WDL-based pipelines for whole genome and exome sequencing analysis

Date:

November 14-16, 2018. Co-authored with Muñoz-Barrera A, Rubio-Rodríguez LA, Lorenzo-Salazar JM, Flores C, Pérez-González CJ and Roda-García JL. Abstract Booklet #19, page 40.

Abstract

Next Generation Sequencing data analysis comprises a series of computational tasks frequently based on the use of command line tools. These analyses are defined in workflows that group all the necessary tasks, improving data processing performance and results interpretation. Some Domain Specific Languages (DSLs), such as WDL and Nextflow, have been recently created to define and program complex pipelines, as well as to improve the parallelization, the scalability and the reusability. We have developed a complete pipeline programmed in WDL via scripting and Rabix Composer based on the Broad Institute’s best practices and the Genome Analysis Toolkit (GATK4) to analyze whole‐genome (WGS) and whole‐exome (WES) data. This pipeline is able to process data from one or several WGS/WES of multiple individuals. It allows to parallelize the analysis in multiple tasks and nodes, and runs in environments based on Docker Swarm or in high‐performance computing systems such as TeideHPC at ITER (http://teidehpc.iter.es/en/home). Interesting features are: possibility to run on a HPC infrastructure connecting the Cromwell engine and the SLURM scheduler; starts from BCL data; demultiplexing of samples pooled across the flowcell; data processing both on a per‐lane and a per‐sample basis; possibility to handle hg19 and hg38 reference genomes; programmed to restart from every step in case of fail.
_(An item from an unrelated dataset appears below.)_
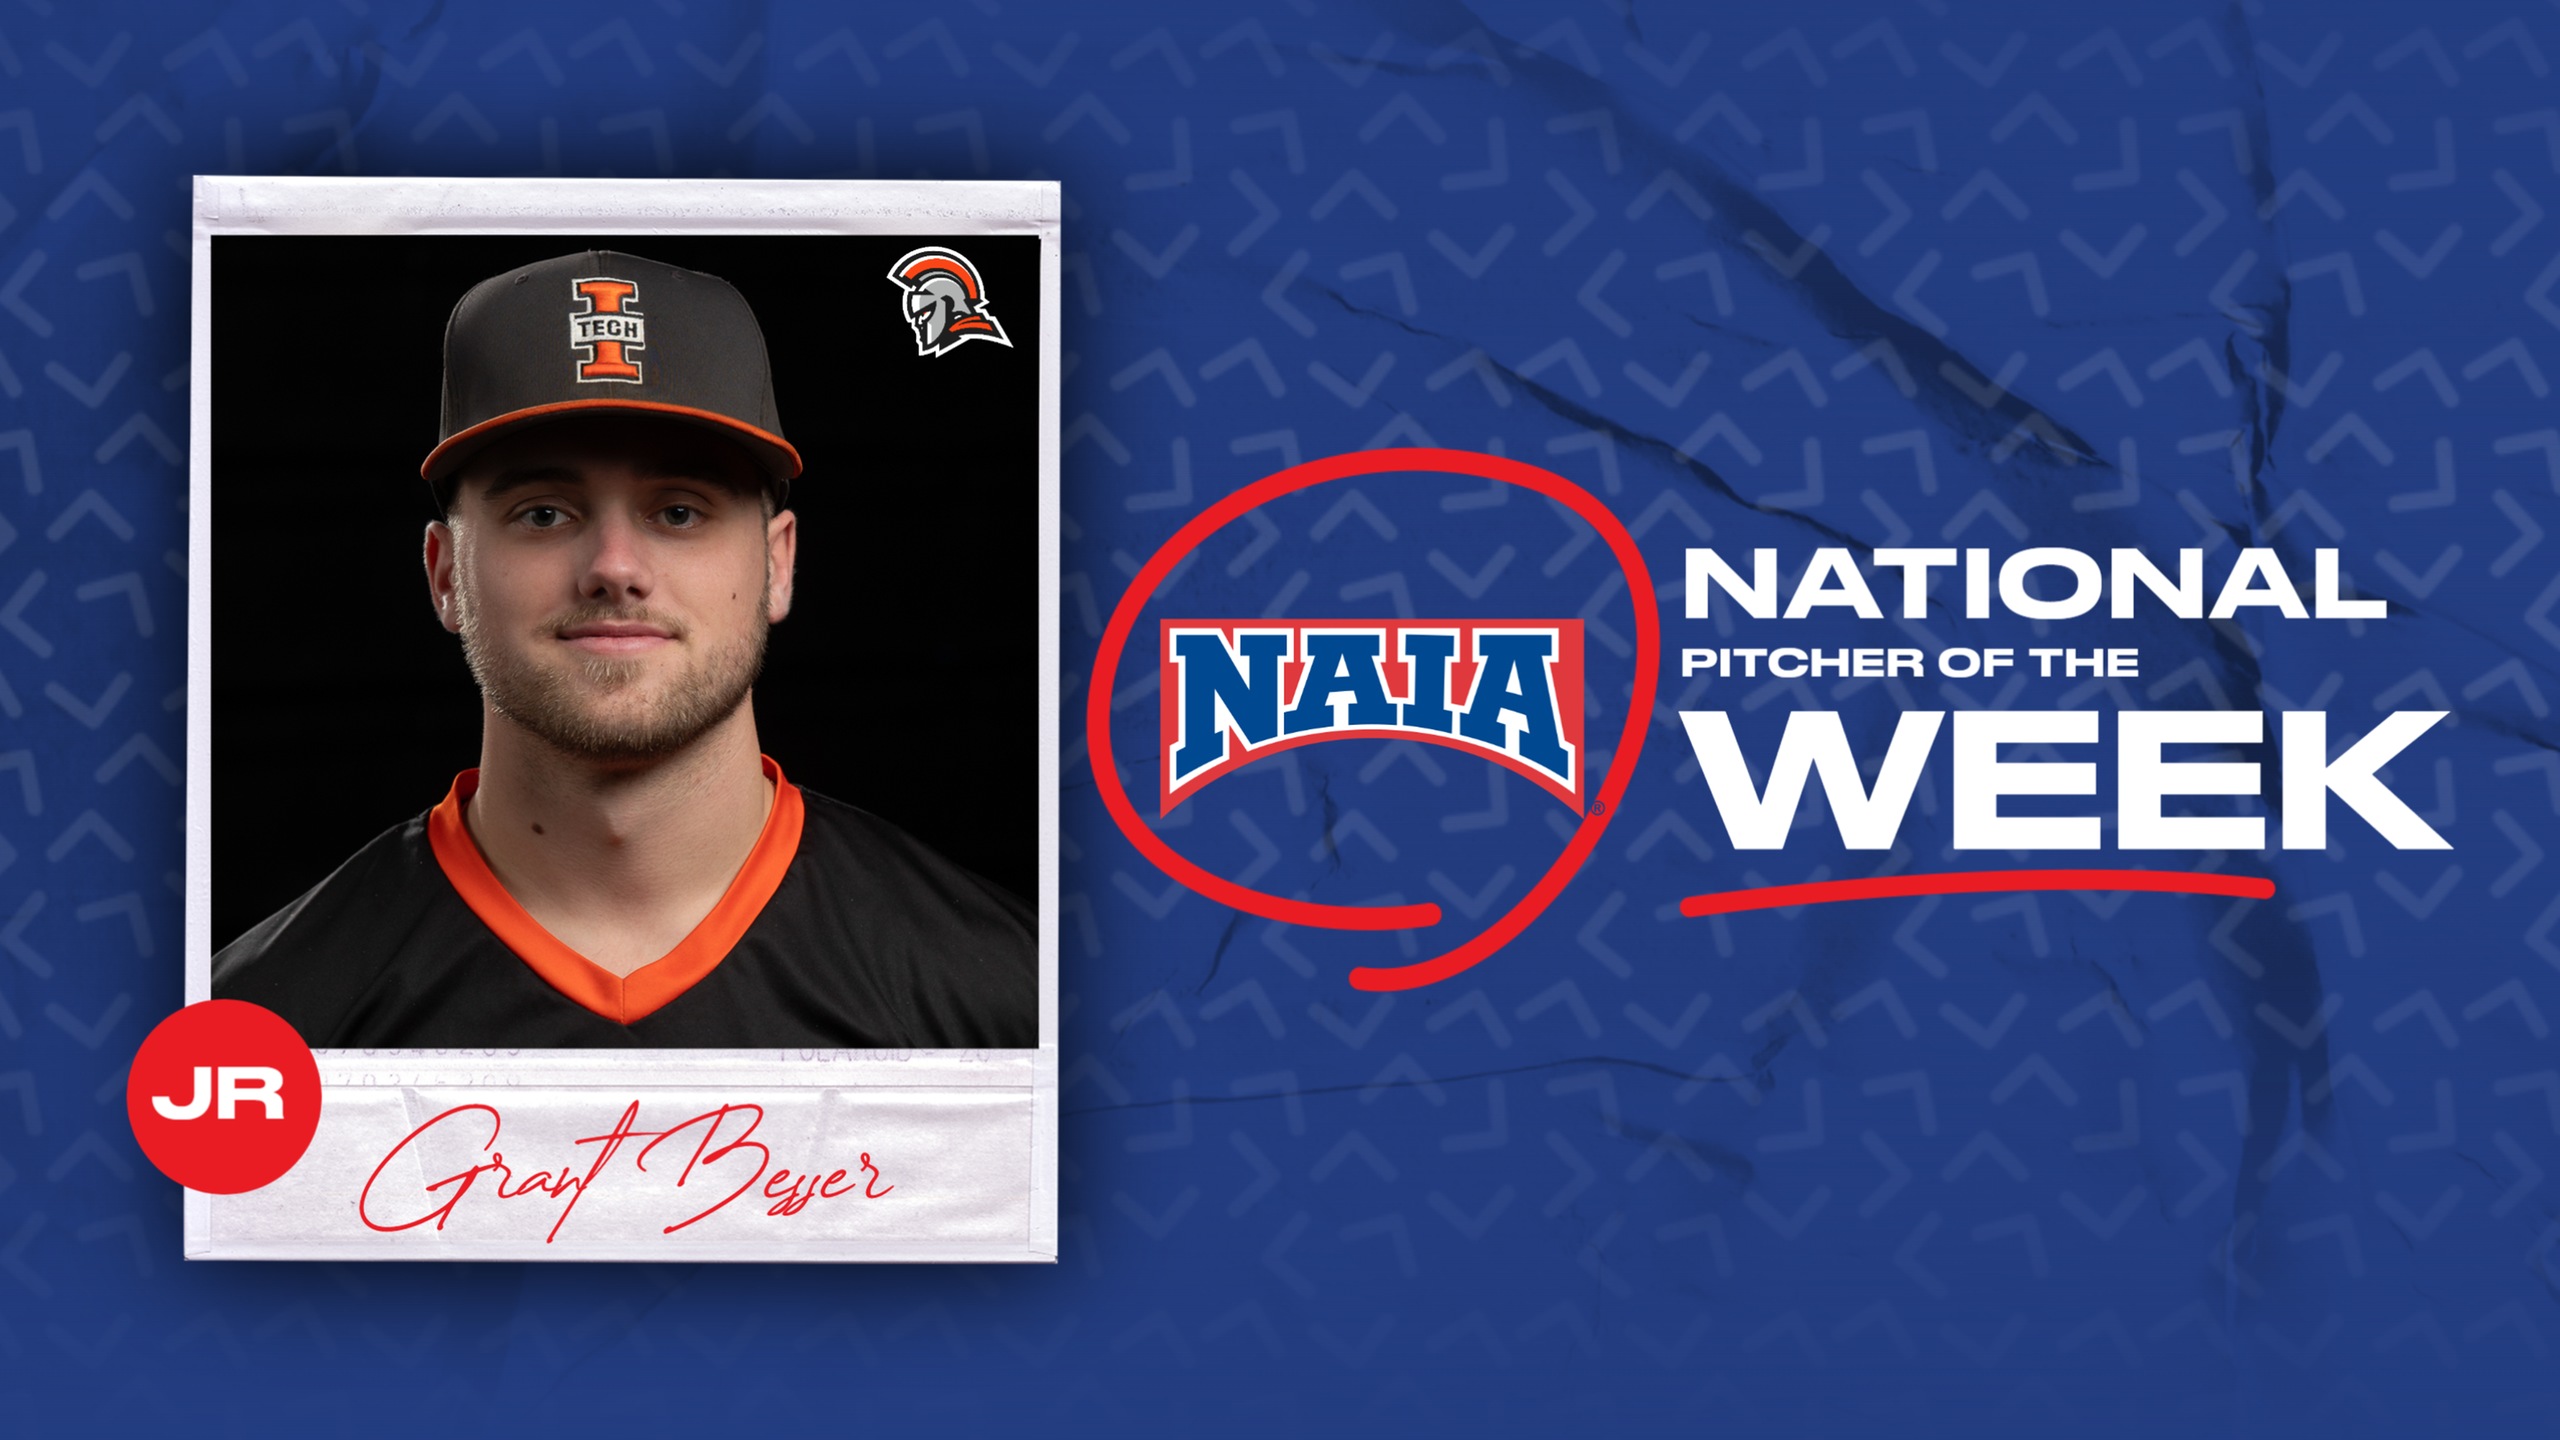 Indiana Tech's Besser Named NAIA Pitcher of the Week

For benchmarking, we are following the guidelines of the Truth and Consistency precisionFDA challenges using Genome In A Bottle Consortium released genomes data. A full pipeline is currently running on TeideHPC to analyze WGS and WES germline data produced by an Illumina HiSeq4000 sequencing platform for research purposes. These resources are available at: https://github.com/genomicsITER/wdl Funded by Ministerio de Ciencia, Innovación y Universidades (RTC‐2017‐6471‐1; MINECO/AEI/FEDER, UE). This work has been supported by the CEDeI program (Centro de Excelencia de Desarrollo e Innovación, Cabildo de Tenerife). The authors also thankfully acknowledge the computer resources and the technical support provided by TARO Research Group of the University of La Laguna.